--- Activity ---
Starting at the line that contains "J.K. Rowling during an interview Wallpaper" and stopping at the line that contains "BLACK MEOW CAT PRINTED T-SHIRT TOP", transcribe every line of the material below exactly; pictures stay out.

--- Entries provided ---
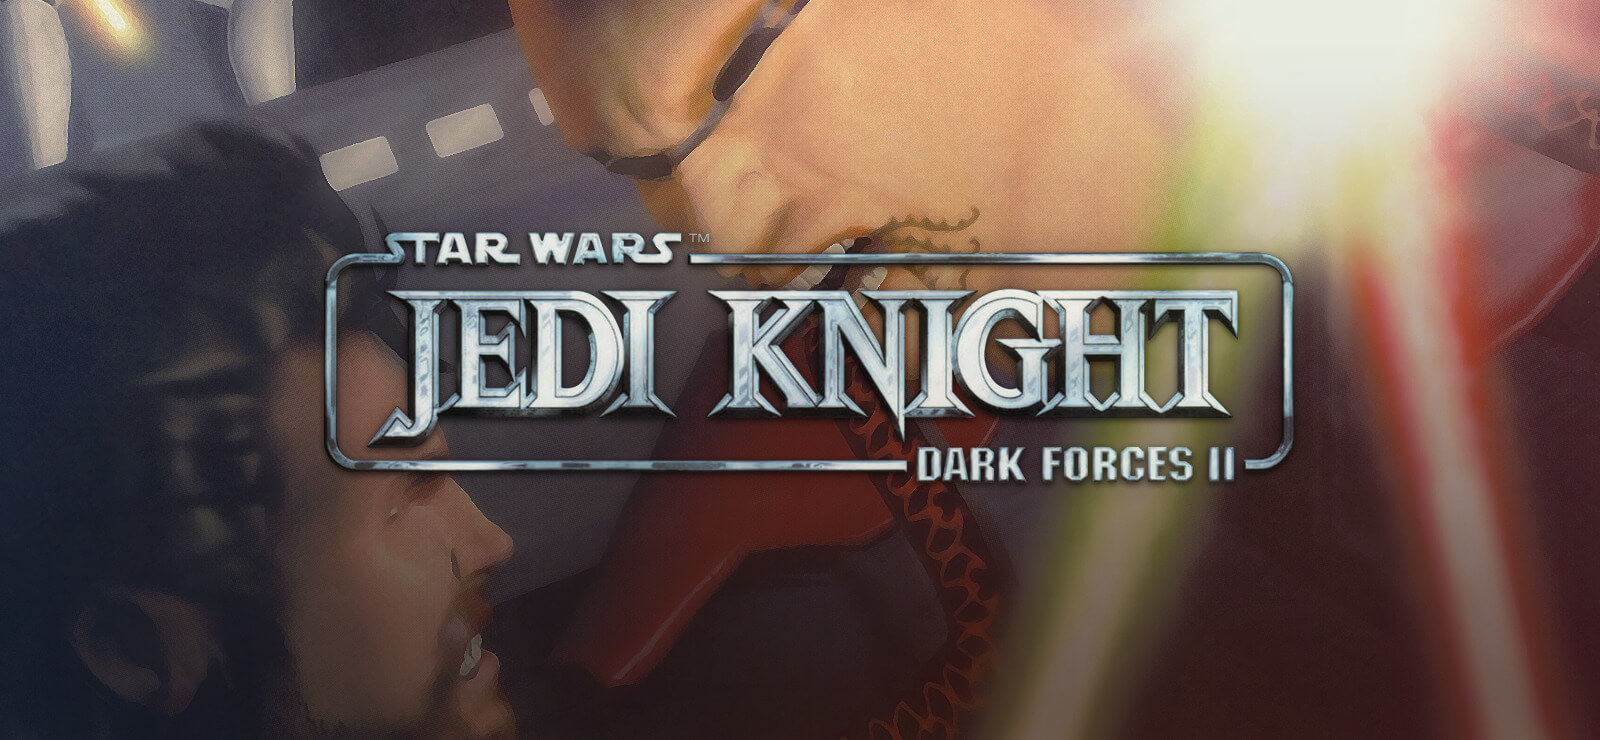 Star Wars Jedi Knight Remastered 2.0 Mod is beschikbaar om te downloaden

...

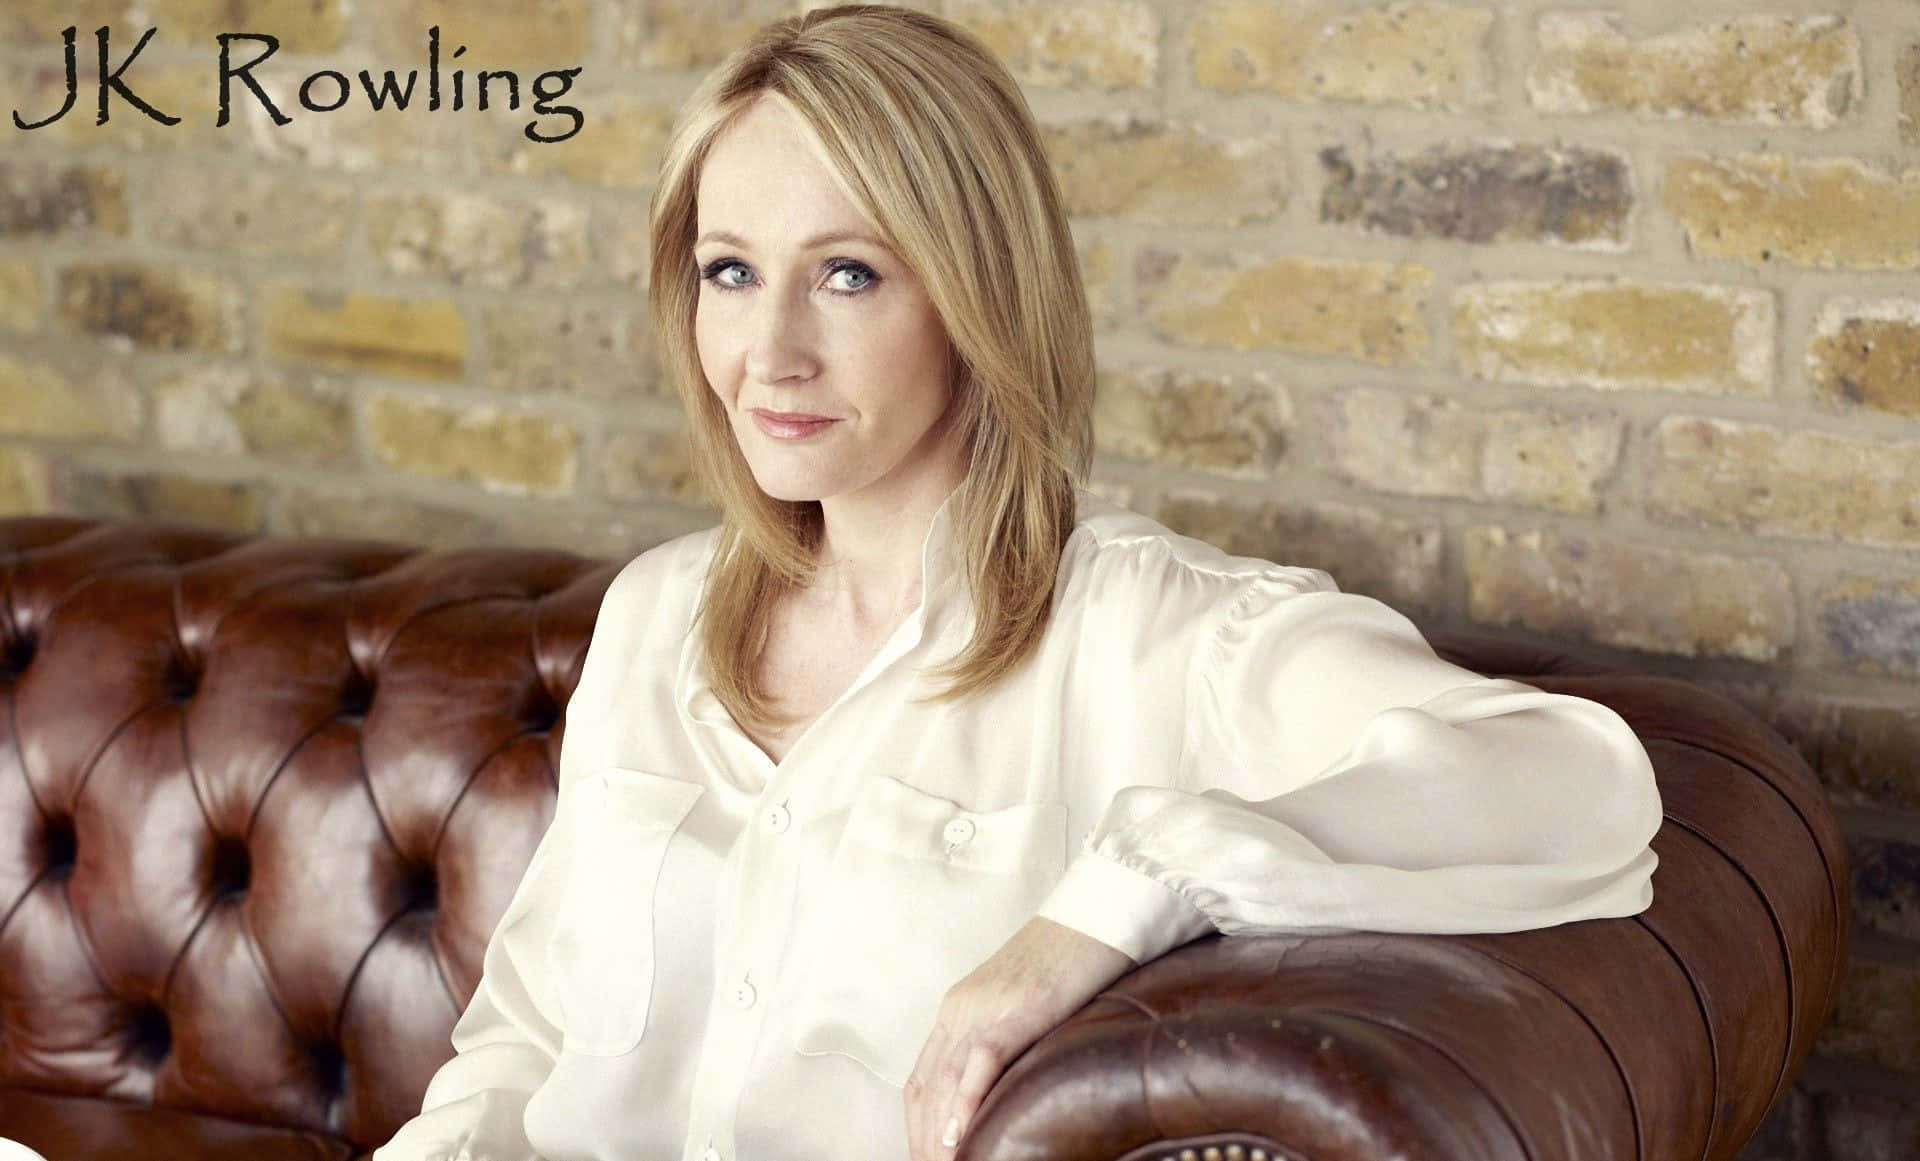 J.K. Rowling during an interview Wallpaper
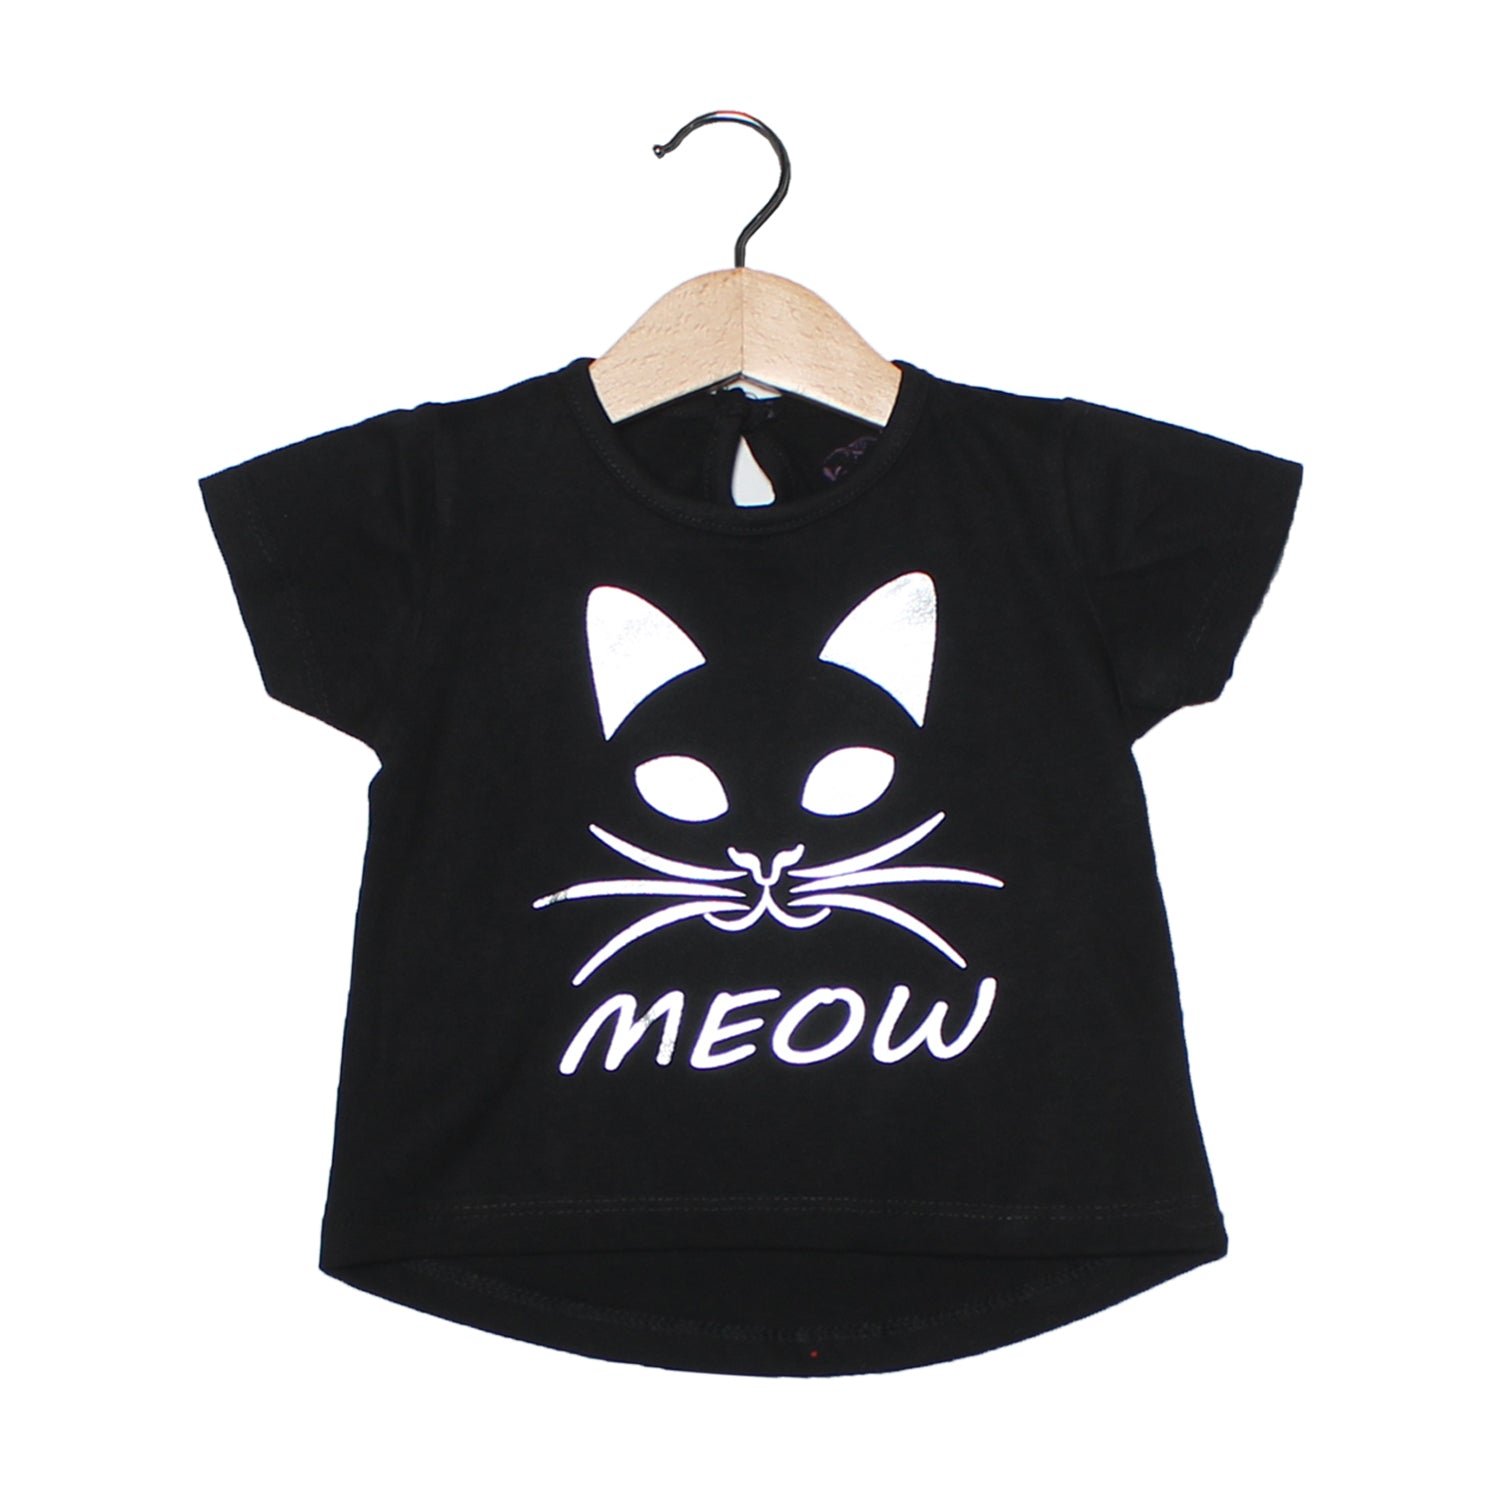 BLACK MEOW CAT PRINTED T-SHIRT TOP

...

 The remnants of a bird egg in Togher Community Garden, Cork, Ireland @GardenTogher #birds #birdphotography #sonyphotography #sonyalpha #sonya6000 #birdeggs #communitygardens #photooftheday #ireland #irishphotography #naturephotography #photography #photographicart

--- Exercise output ---
 J.K. Rowling during an interview Wallpaper
 BLACK MEOW CAT PRINTED T-SHIRT TOP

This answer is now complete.